What to Know About the Whole Rest

In this lesson, we’ll look at one important element of sheet music – the whole rest.

The whole rest (or semibreve as it’s known in Britain) is a period in which you shouldn’t play anything. That’s right, not a single note.

It’s the longest rest available, hence it’s “whole”, as opposed to a half rest, quarter rest, eighth rest or sixteenth rest.

When you see the whole rest in your sheet music, instead of playing a note, take a long pause of four beats.

When first learning to read music, this can feel like a very long pause. But, it’ll become natural over time.

The whole rest adds to the rhythm of the music you’re playing, giving it ambiance. Rests are important when playing music as it gives the song you’re playing a melody.

Don’t neglect your rests and the time value they’re worth. This is the most important piece of advice to follow when learning how to use the whole rest!

How Long Does a Whole Rest Last?

The rest should be held for an entire measure. So, if you’re playing a piece of music in 4/4 time, a whole rest should be four beats long.

The whole rest lasts for four beats of common time. You can very easily count it yourself.

What is a Time Signature?

The time signature will tell you how many beats are in a measure. It can be found on the left-hand side of your sheet music [1].

It is displayed as two numbers with one sitting on top of the other. Common time signatures are 4/4 or 3/4 or 3/8.

If you’re in 4/4 time, then each line notifies a new measure with each measure containing four crotchet (worth one note) beats.

There should only be four beats in a bar.
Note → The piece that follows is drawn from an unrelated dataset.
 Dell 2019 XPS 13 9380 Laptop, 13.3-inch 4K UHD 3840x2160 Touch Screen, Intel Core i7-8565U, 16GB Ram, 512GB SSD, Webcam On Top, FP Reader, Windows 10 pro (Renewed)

When a whole rest is shown, there will be no other notes in the measure.

If you’re just learning to read music, check out some free sheet music to help you see workable examples.
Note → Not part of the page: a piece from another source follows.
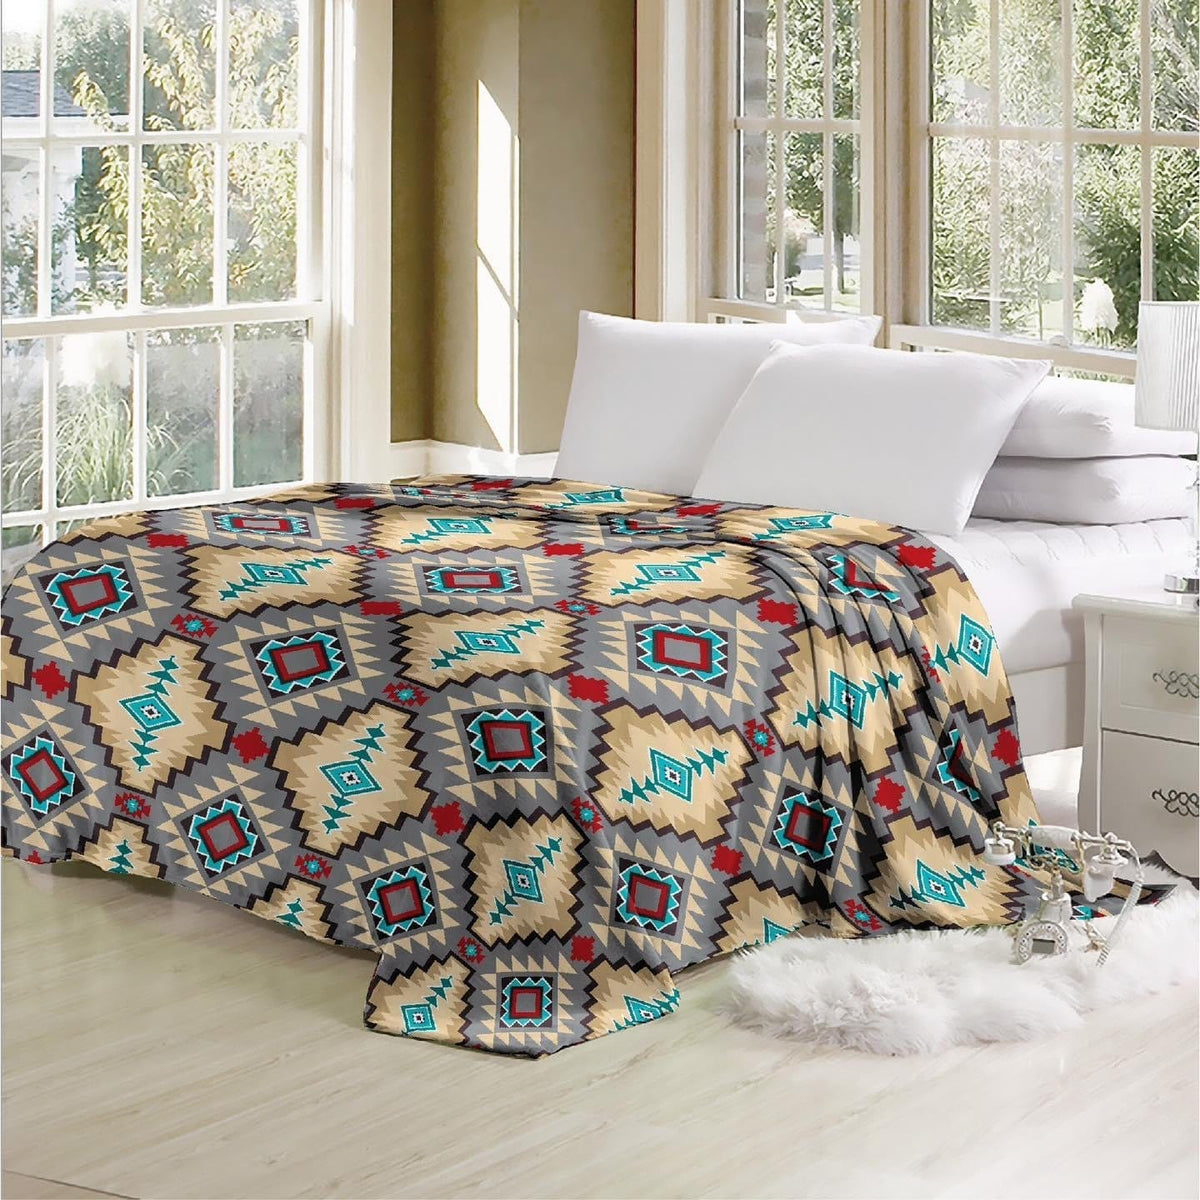 Queen Southwest velvet LUXURY flannel BLANKET Southwest Bedazzle blankets/slippers

How to Identify a Whole Rest

A whole note looks like a circle with a hole in the middle. It does not have a stem.

However, its equivalent in rest form looks a lot like a hat which is upside down. Or, many people refer to it as this!

The whole rest sits on the second to the top line. It is a thicker, black rectangle which can be hard to miss when you’re first learning to read music.

It also looks similar to a half rest which sits on the middle line, (but on top of the line, not hanging from the fourth line like the whole rest.)

Keep in mind that the line numbers start from the bottom, not the top.

Understanding the Whole Rest Made Easy

Are you learning to play a musical instrument [2]? There are many apps which can help you along your journey. You’ll save money and have fun with this method.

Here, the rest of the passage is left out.